**PROBLEM DESCRIPTION**
Keep the pictures out. Copy every line of the listing exactly.

**DATA SEGMENT**
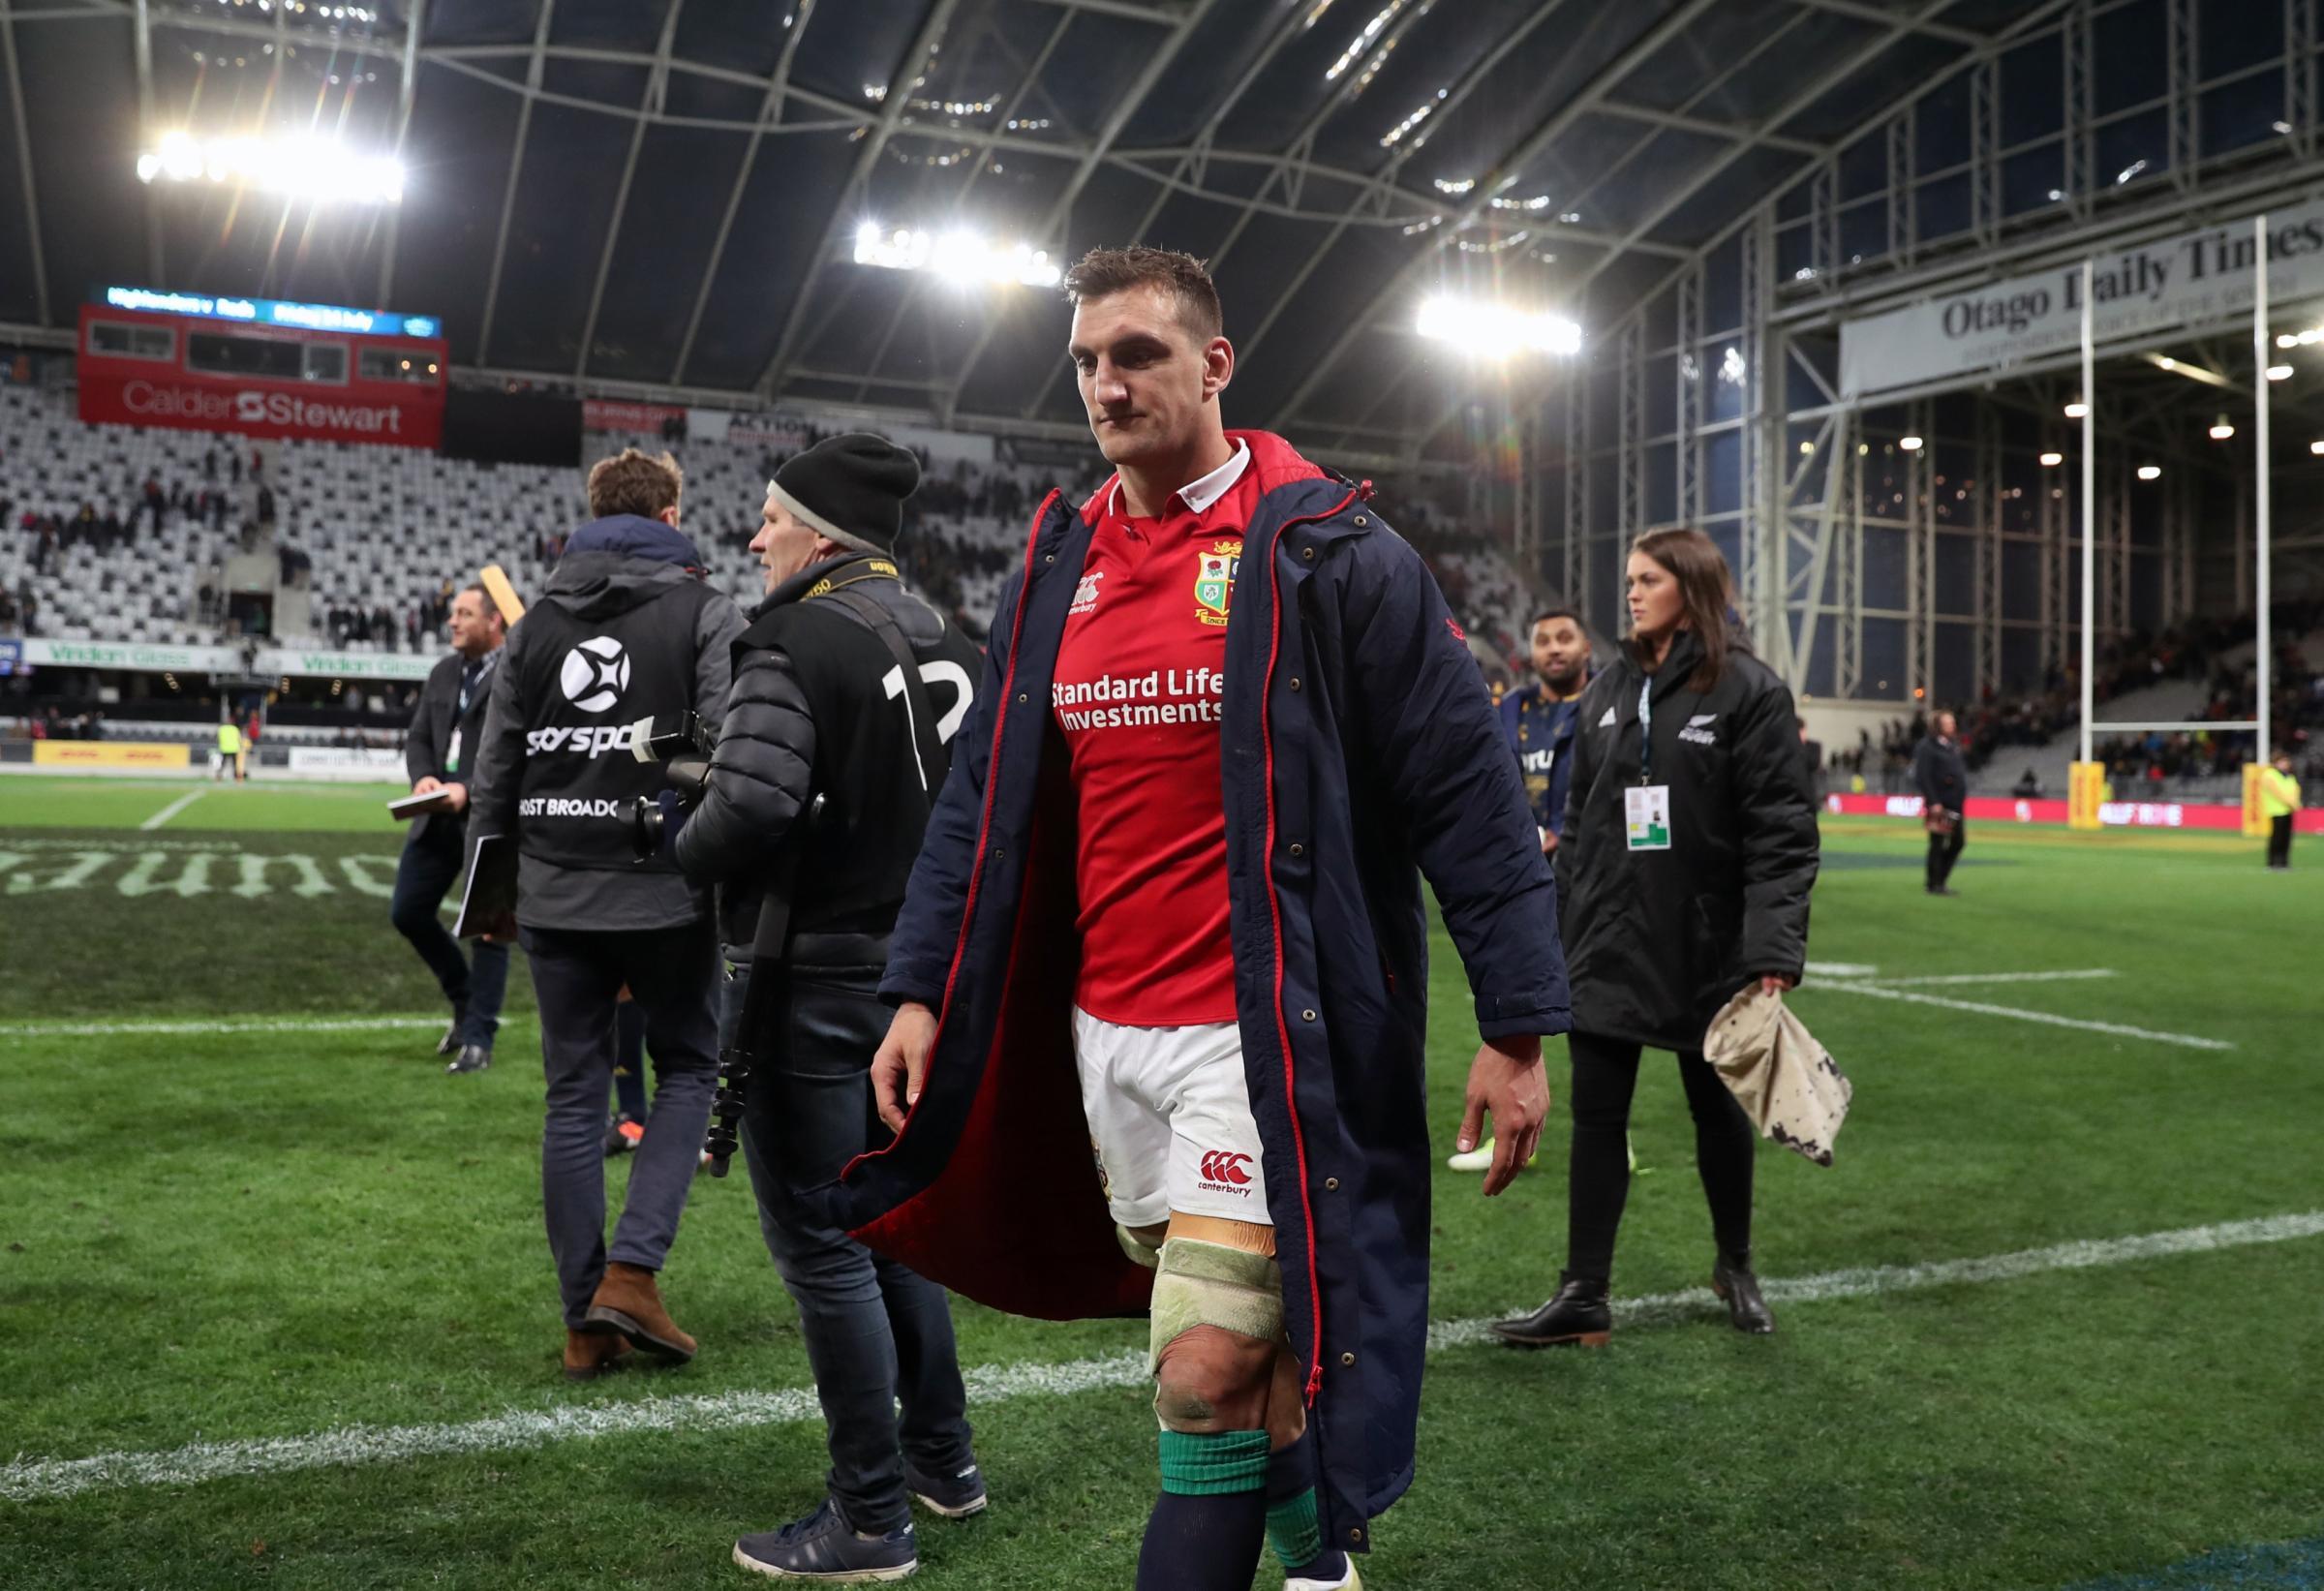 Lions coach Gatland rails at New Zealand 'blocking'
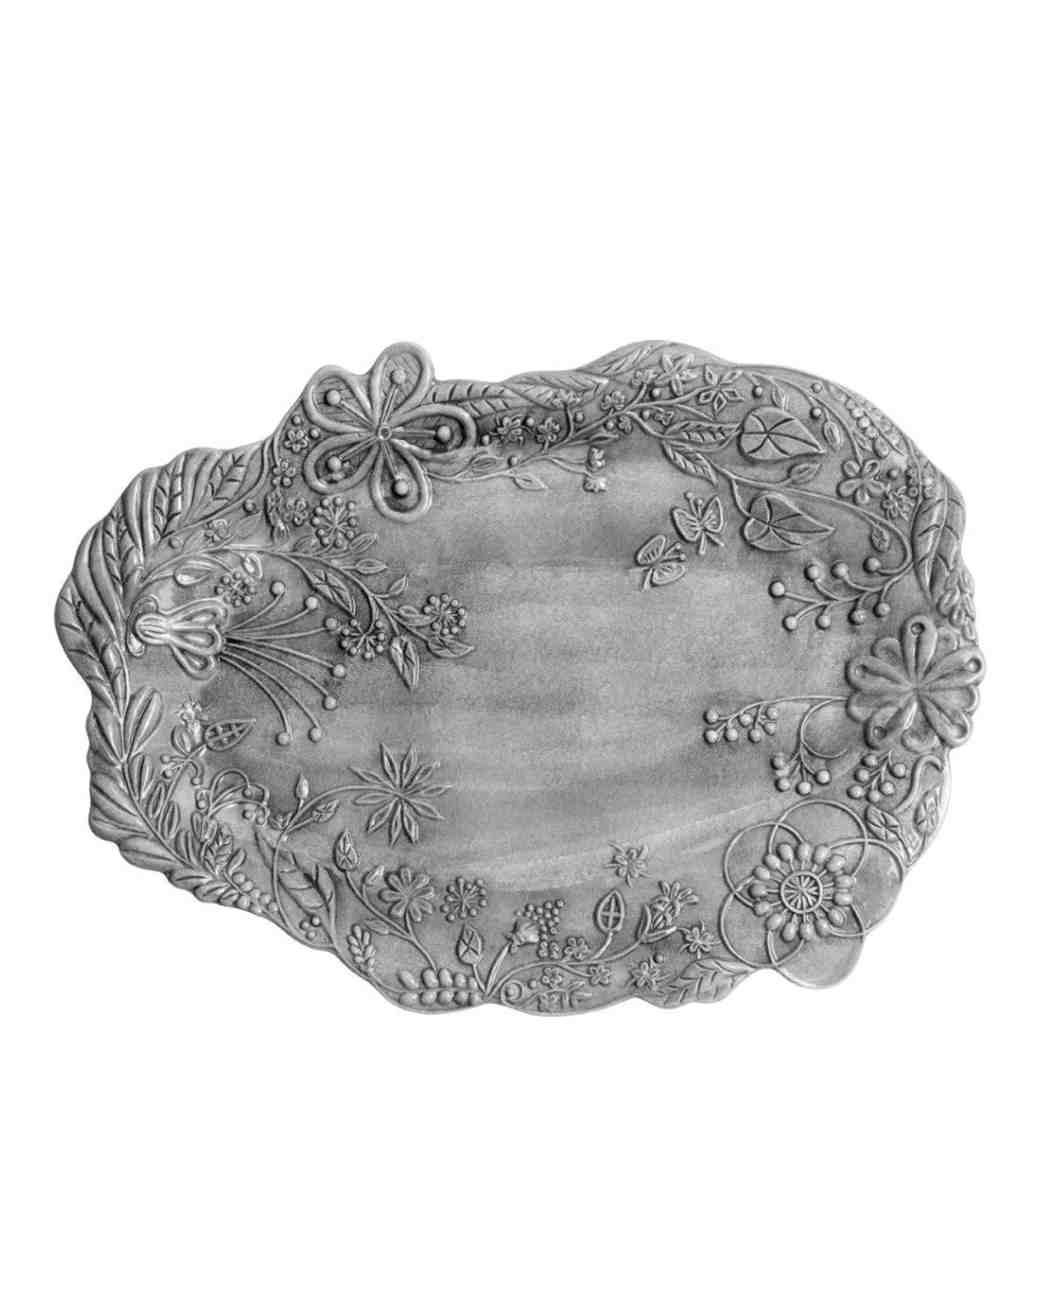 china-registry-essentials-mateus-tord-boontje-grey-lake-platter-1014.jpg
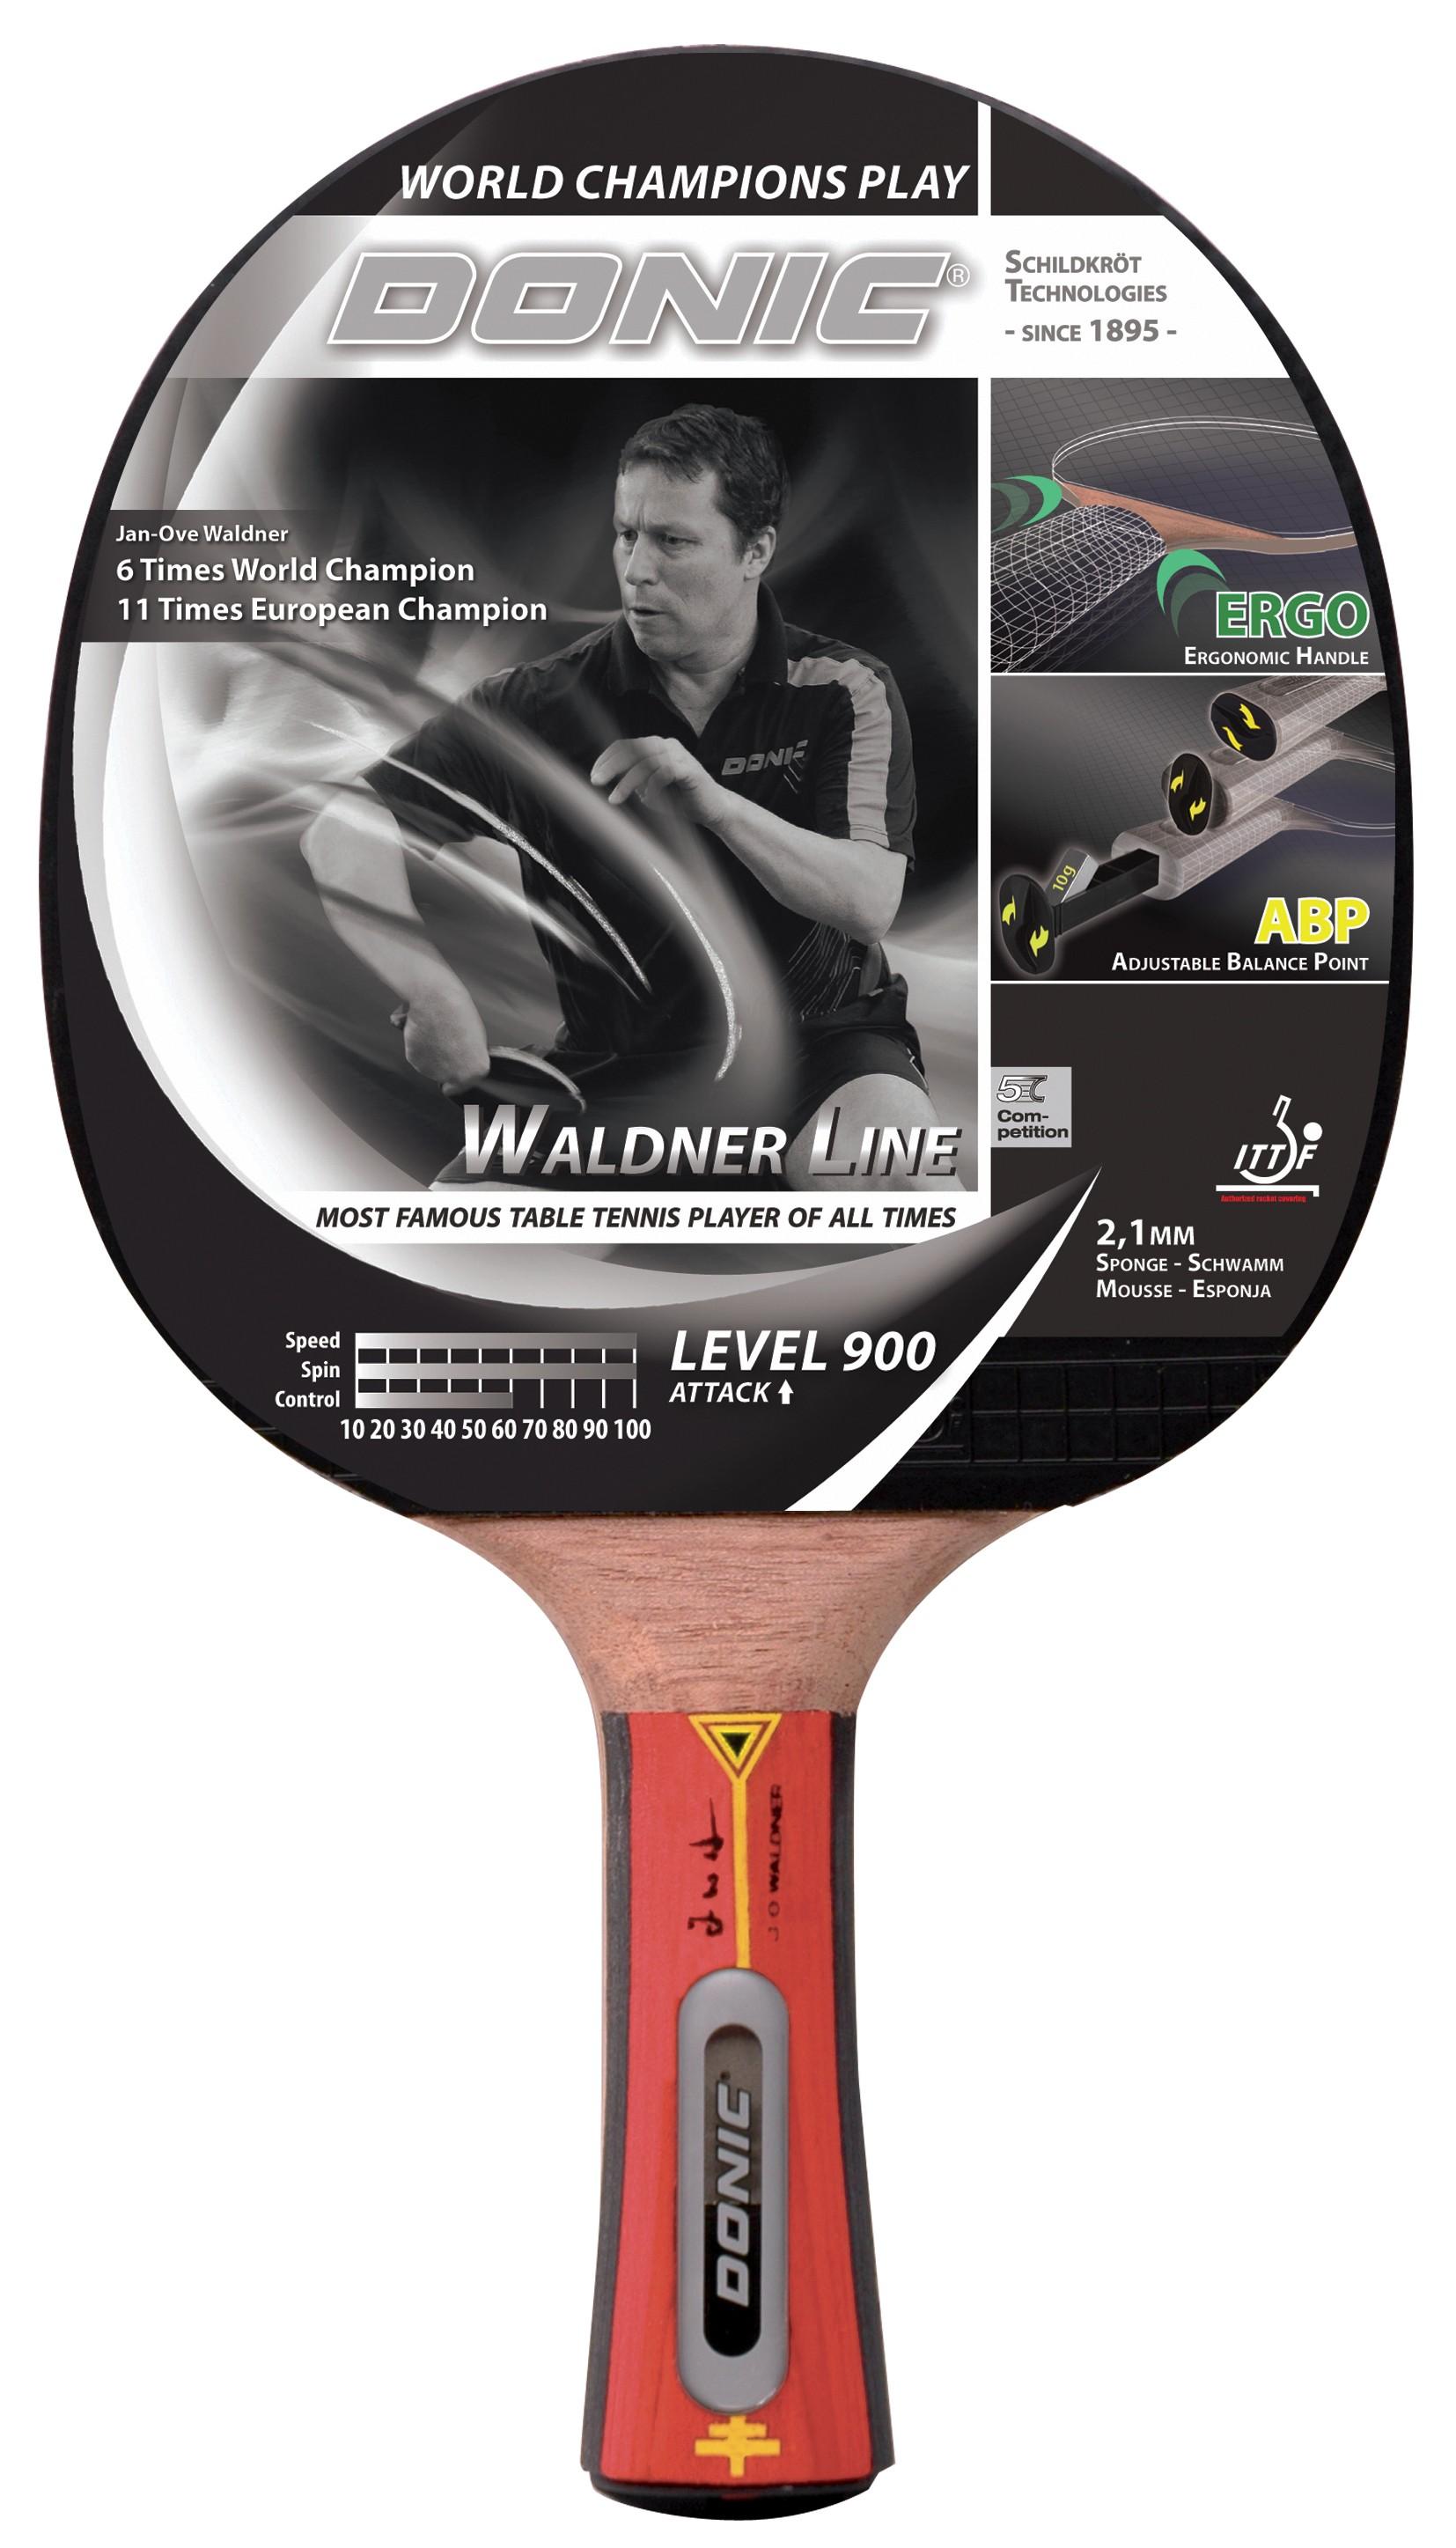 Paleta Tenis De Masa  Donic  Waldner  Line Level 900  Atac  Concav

**TASK RESPONSE**
 Lions coach Gatland rails at New Zealand 'blocking'
 china-registry-essentials-mateus-tord-boontje-grey-lake-platter-1014.jpg
 Paleta Tenis De Masa  Donic  Waldner  Line Level 900  Atac  Concav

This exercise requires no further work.